Au lendemain des attentats en Espagne, Gérard Collomb, ministre de l’Intérieur, a indiqué travailler en lien avec sa collègue Agnès Buzyn, ministre des Solidarités et de la Santé, au repérage des personnes radicalisées via la communauté des psychiatres. Le Gouvernement veut "mobiliser l’ensemble des hôpitaux psychiatriques, des psychiatres libéraux de manière à essayer de parer à [la] menace terroriste individuelle" et envisage la mise en place de "protocoles" pour pouvoir avoir un échange avec celles et ceux qui côtoient les personnes ayant "des délires autour de la radicalisation islamique".

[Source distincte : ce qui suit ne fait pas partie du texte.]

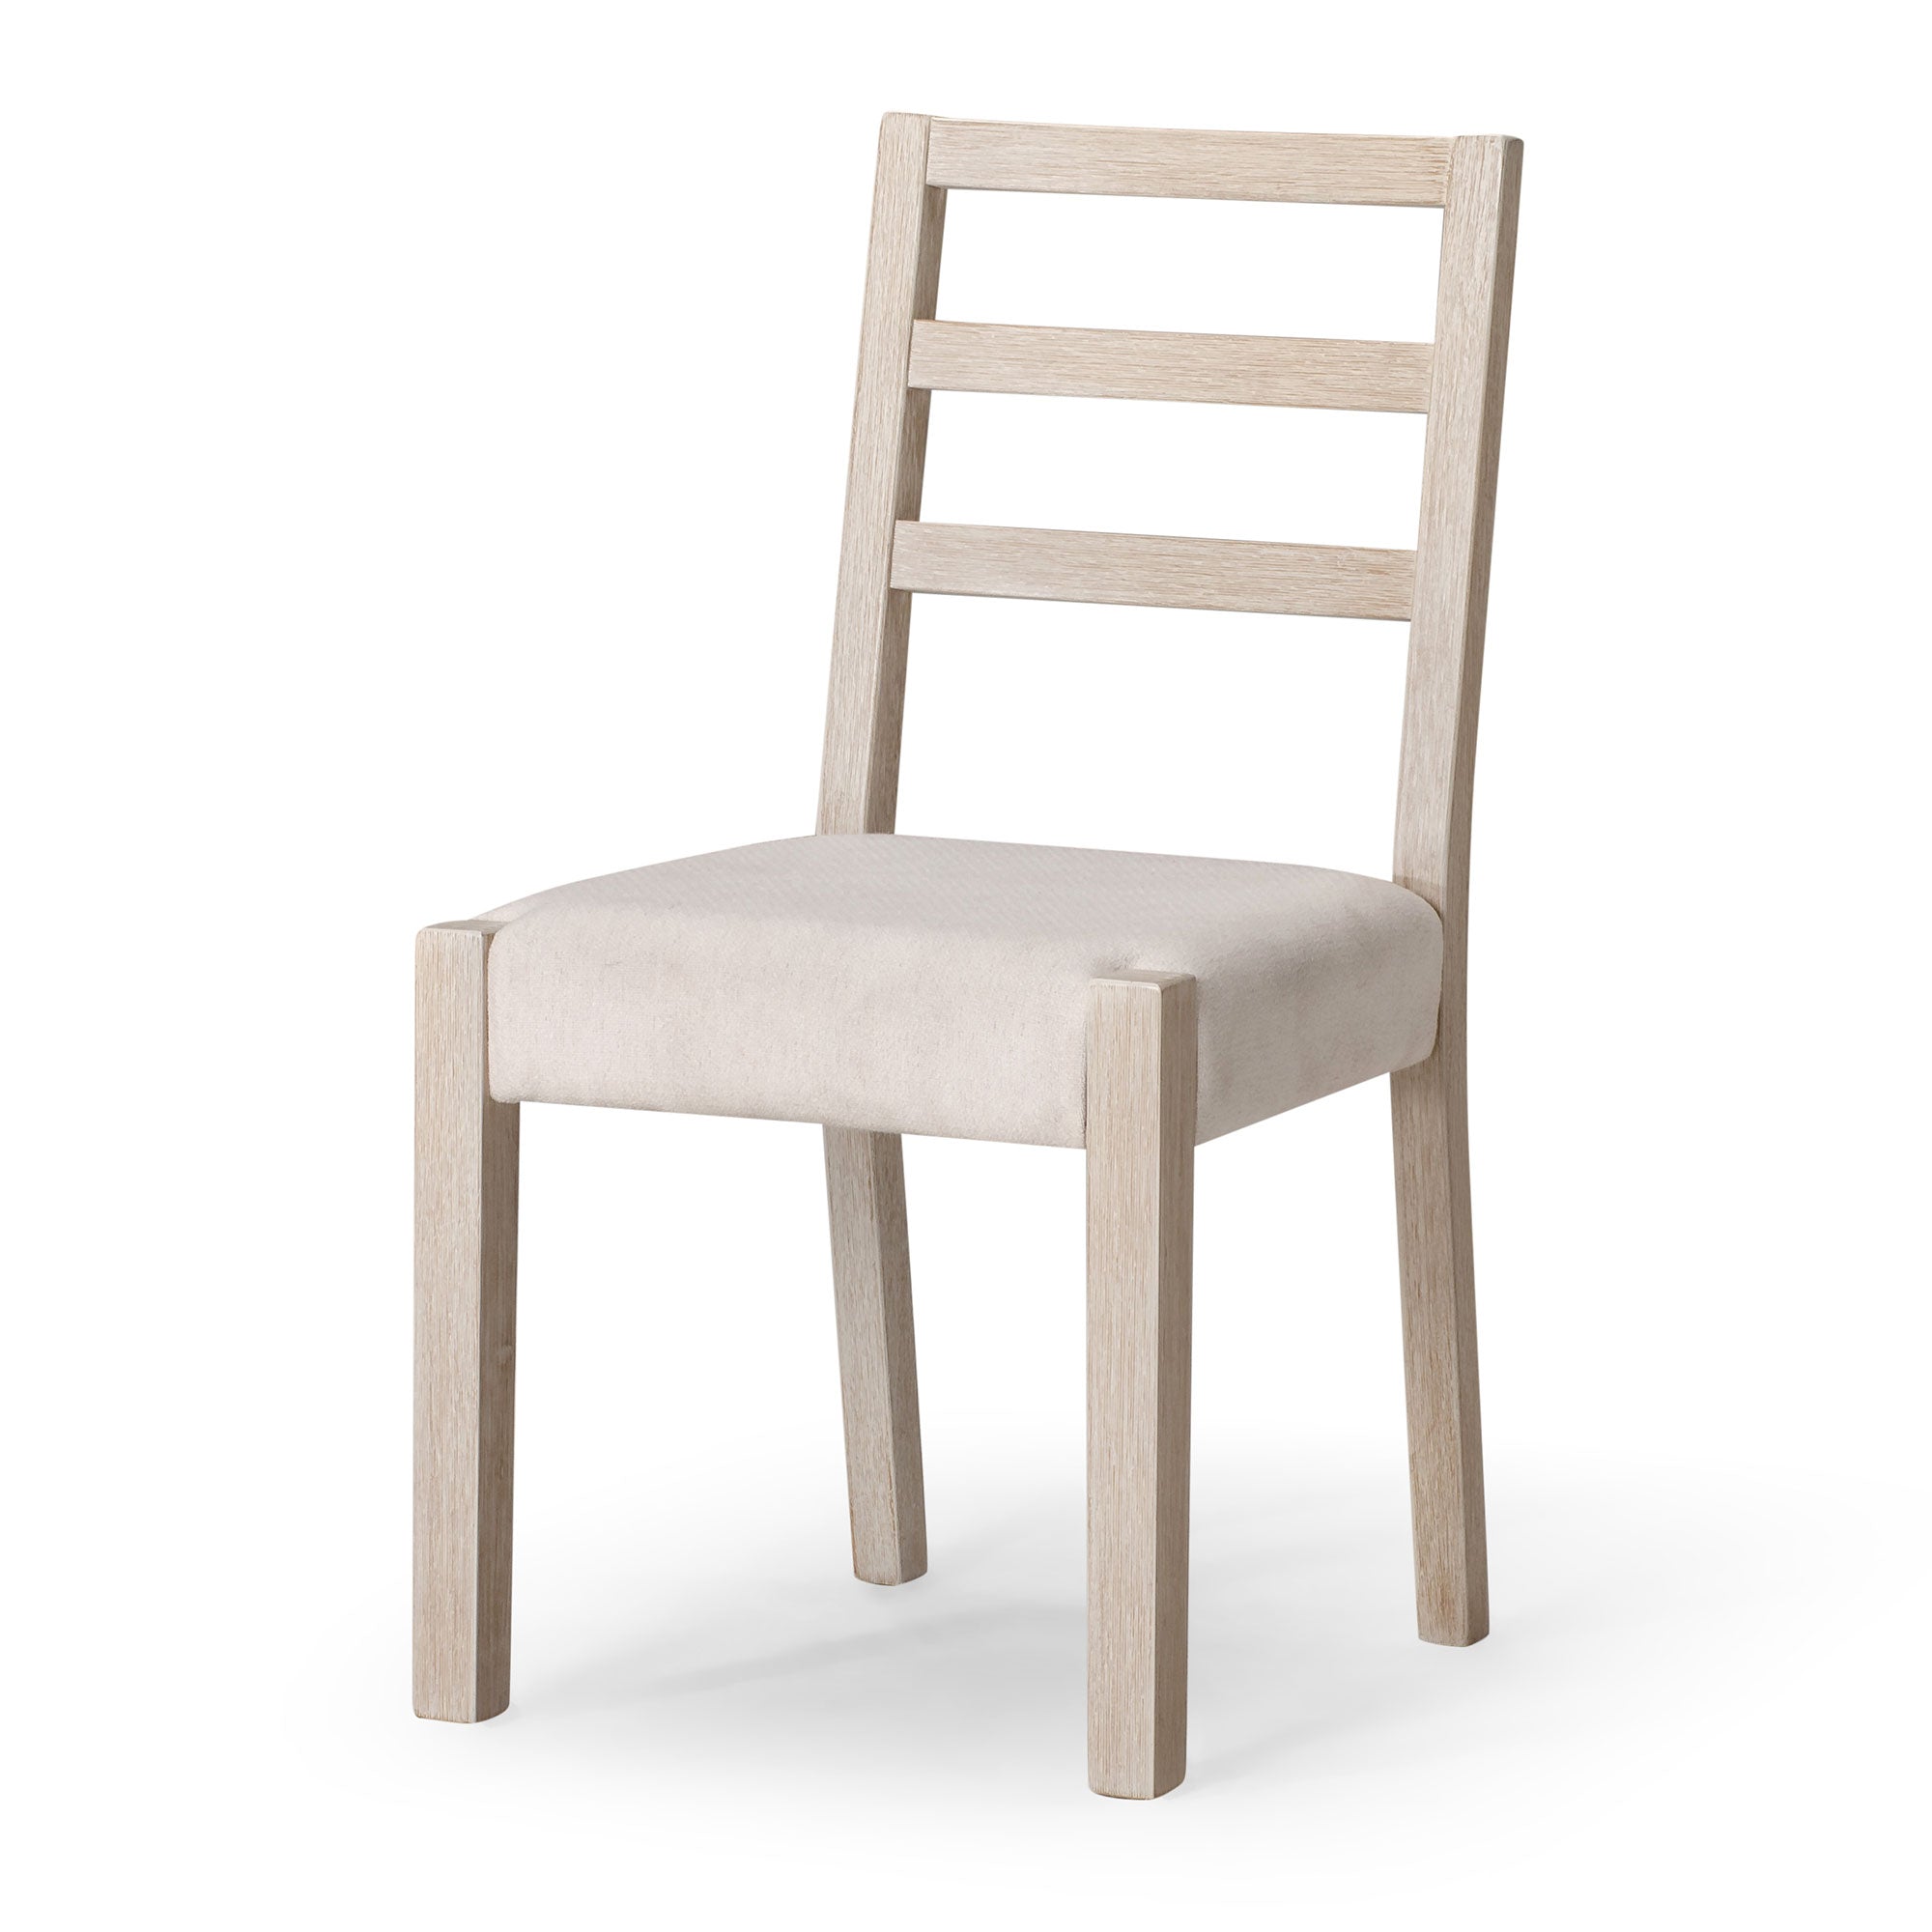 Willow Organic Wooden Dining Chair in Weathered White Finish with Cream Weave Fabric Upholstery, Set of 2 in Dining Furniture by Maven Lane

Ces propos, qui laissent à penser que psychiatrie et terrorisme sont liés, renforcent les représentations du grand public sur la dangerosité de la maladie psychique alors que celle-ci n’est pas supérieure à celle de la population générale. La radicalisation n’est pas un délire, les terroristes ont préparé leurs actes plusieurs mois à l’avance, s’appuient sur une cellule djihadiste en lien avec Daech. Il y a des agents de liaison, un donneur d’ordre, qui sera retrouvé tôt ou tard. Bien sûr il y a des personnes isolées qui peuvent passer à l‘acte mais pour Cyrulnick, « parmi ces tueurs il y a très peu de malades mentaux au sens psychiatrique du terme, plutôt moins que dans la population générale car planifier, maitriser ses émotions et ses comportements, peu de malades savent le faire ».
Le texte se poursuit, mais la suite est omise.